SPARQL Best Practices

Writing efficient SPARQL queries for TopBraid requires both a good understanding of the data model and of how TopBraid will execute SPARQL queries. TopBraid bundles the Apache Jena SPARQL engine which does not optimize queries automatically. This means that the onus is on the query author to follow some best practices as outlined below.

How SPARQL queries are processed

The WHERE clause of a SPARQL query produces bindings of variables. In the following query, the variable ?continent will be bound to all instances of the class Continent.

1SELECT ?continent
2WHERE {
3    ?continent a g:Continent .
4}

The row in the WHERE clause above is called a Basic Graph Pattern, and those are matched against the triples found in the current query graph. In general, a query will be executed from top to bottom, so that the variable bindings from one row will be used as input to the next row.

Order of Basic Graph Patterns

The most important rule of writing efficient SPARQL queries is to eliminate combinations of variables as early as possible. The following (bad) query will return all continents together with their labels:

1SELECT ?continent ?label
2WHERE {
3    ?continent skos:prefLabel ?label .
4    ?continent a g:Continent .
5}

When the above query is executed, the engine will first walk through all triples that have skos:prefLabel as predicate and only then combine those triple matches with the next row, which checks whether the bindings of ?continent are in fact instances of g:Continent.

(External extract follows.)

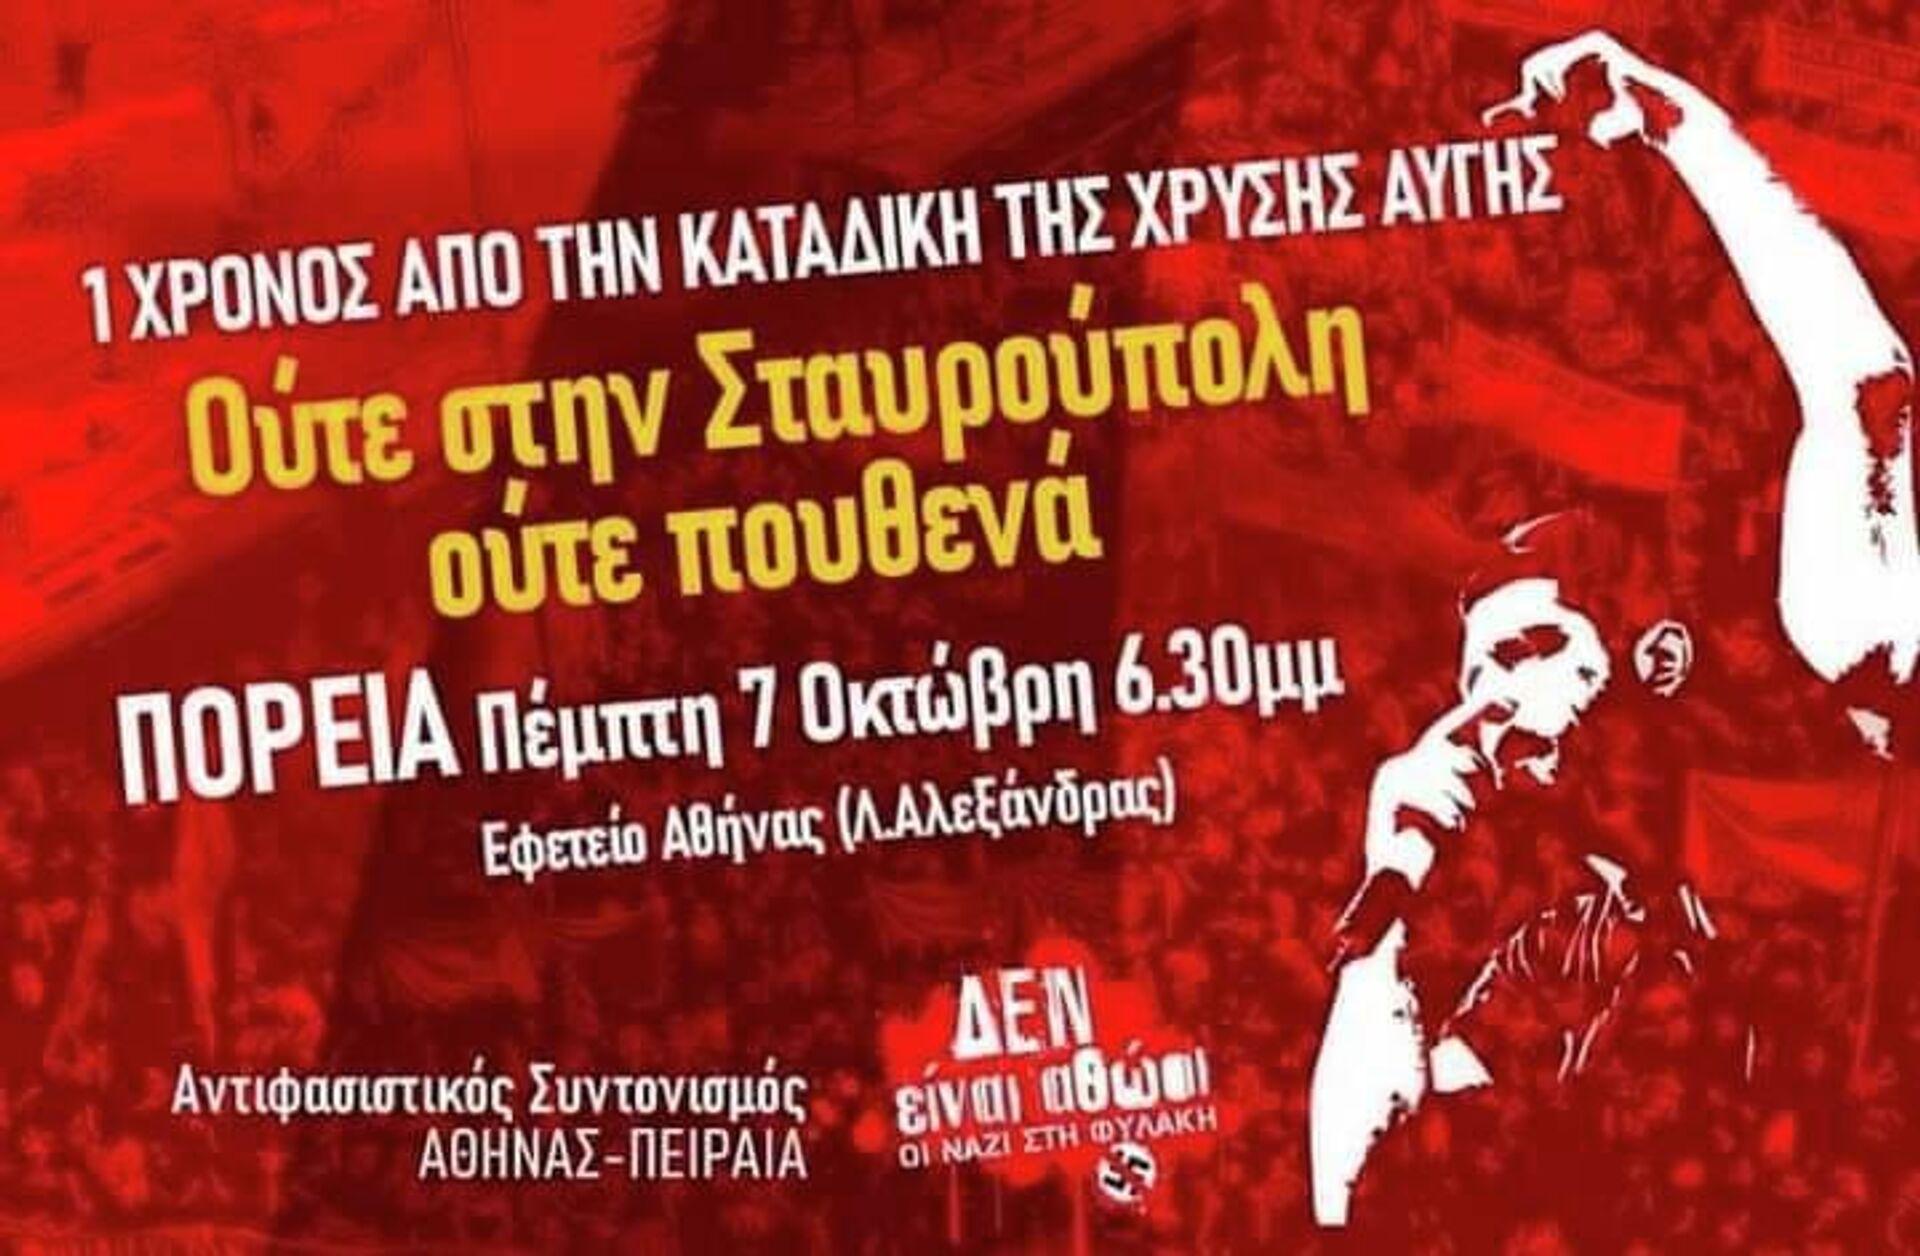 Αντιφασιστική πορεία ένα χρόνο μετά την καταδίκη της Χρυσής Αυγής - Sputnik Ελλάδα, 1920, 06.10.2021
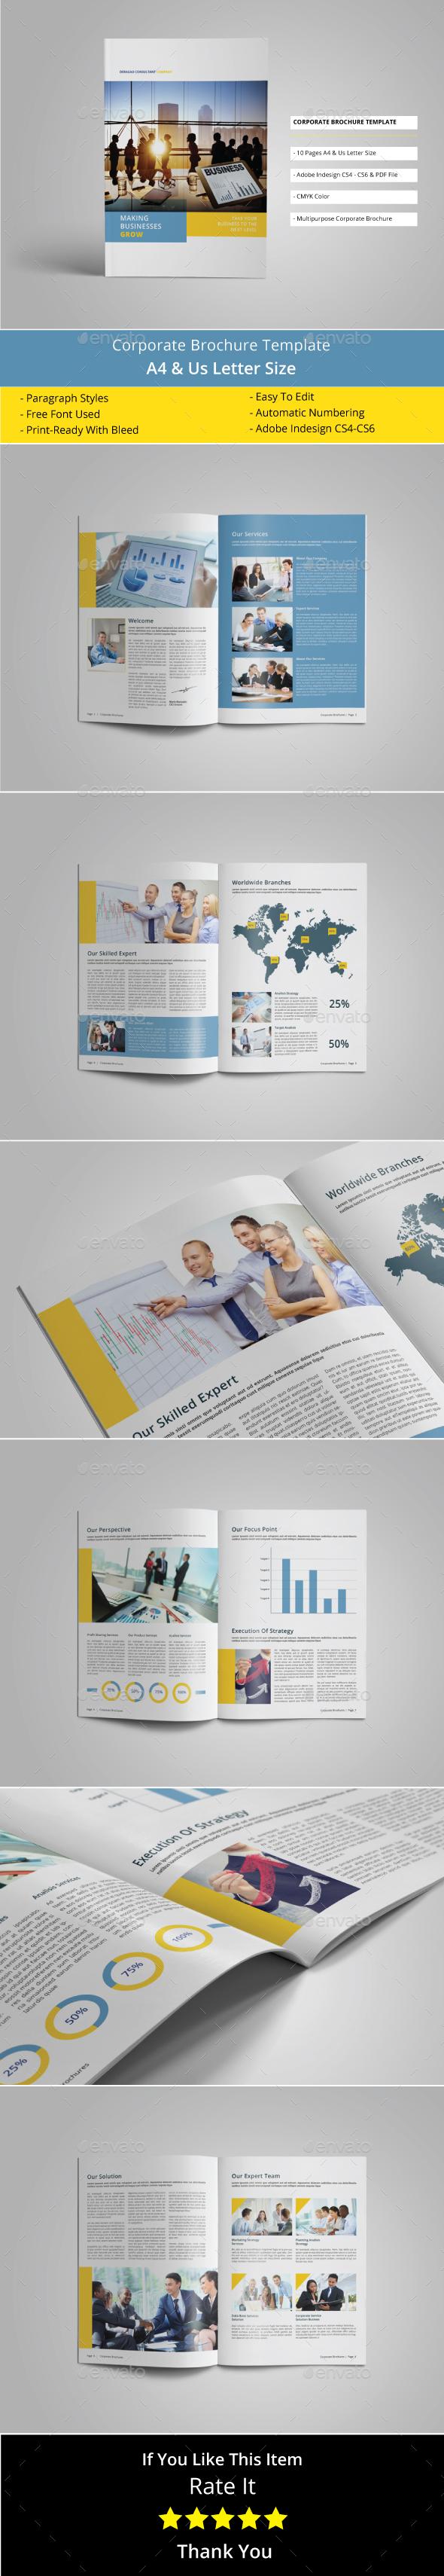 Multipurpose Corporate Brohure Template - Corporate Brochures

This is very inefficient because there may be hundreds of thousands of triples with skos:prefLabel but only a handful of continents. The engine would do a lot of extra work that could be eliminated by reordering the clauses to the following (better) query:

1SELECT ?continent ?label
2WHERE {
3    ?continent a g:Continent .
4    ?continent skos:prefLabel ?label .
5}

The difference is that here it will focus only on the (few) instances of g:Continent and only for those it will query the labels.

FILTER Placement

TopBraid’s SPARQL engine will usually automatically move FILTER clauses to the end of its surrounding { … } block. For example, the following FILTER clause will be executed after all basic graph patterns have been processed:

1SELECT ?continent ?label ?country
2WHERE {
3    ?continent a g:Continent .
4    ?continent skos:prefLabel ?label .
5    FILTER langMatches(lang(?label), 'en') .
6    ?country skos:broader ?continent .
7}

The “real” execution order of the query above will be as follows:

1SELECT ?continent ?label ?country
2WHERE {
3    ?continent a g:Continent .
4    ?continent skos:prefLabel ?label .
5    ?country skos:broader ?continent .
6    FILTER langMatches(lang(?label), 'en') .
7}

As a result, the line that fetches the skos:broader matches will be executed even if the language of the label is not English. In practice this means that the engine would do a lot of unnecessary work with triples that will later be filtered out anyway.

To avoid this, you can introduce extra {…} blocks to make sure that the FILTER is executed earlier:

1SELECT ?continent ?label ?country
2WHERE {
3    {
4        ?continent a g:Continent .
5        ?continent skos:prefLabel ?label .
6        FILTER langMatches(lang(?label), 'en') .
7    }
8    ?country skos:broader ?continent .
9}

Hint

It is important to understand that SPARQL is executed “from the inside out”. This means that the engine will first execute the inner {…} blocks.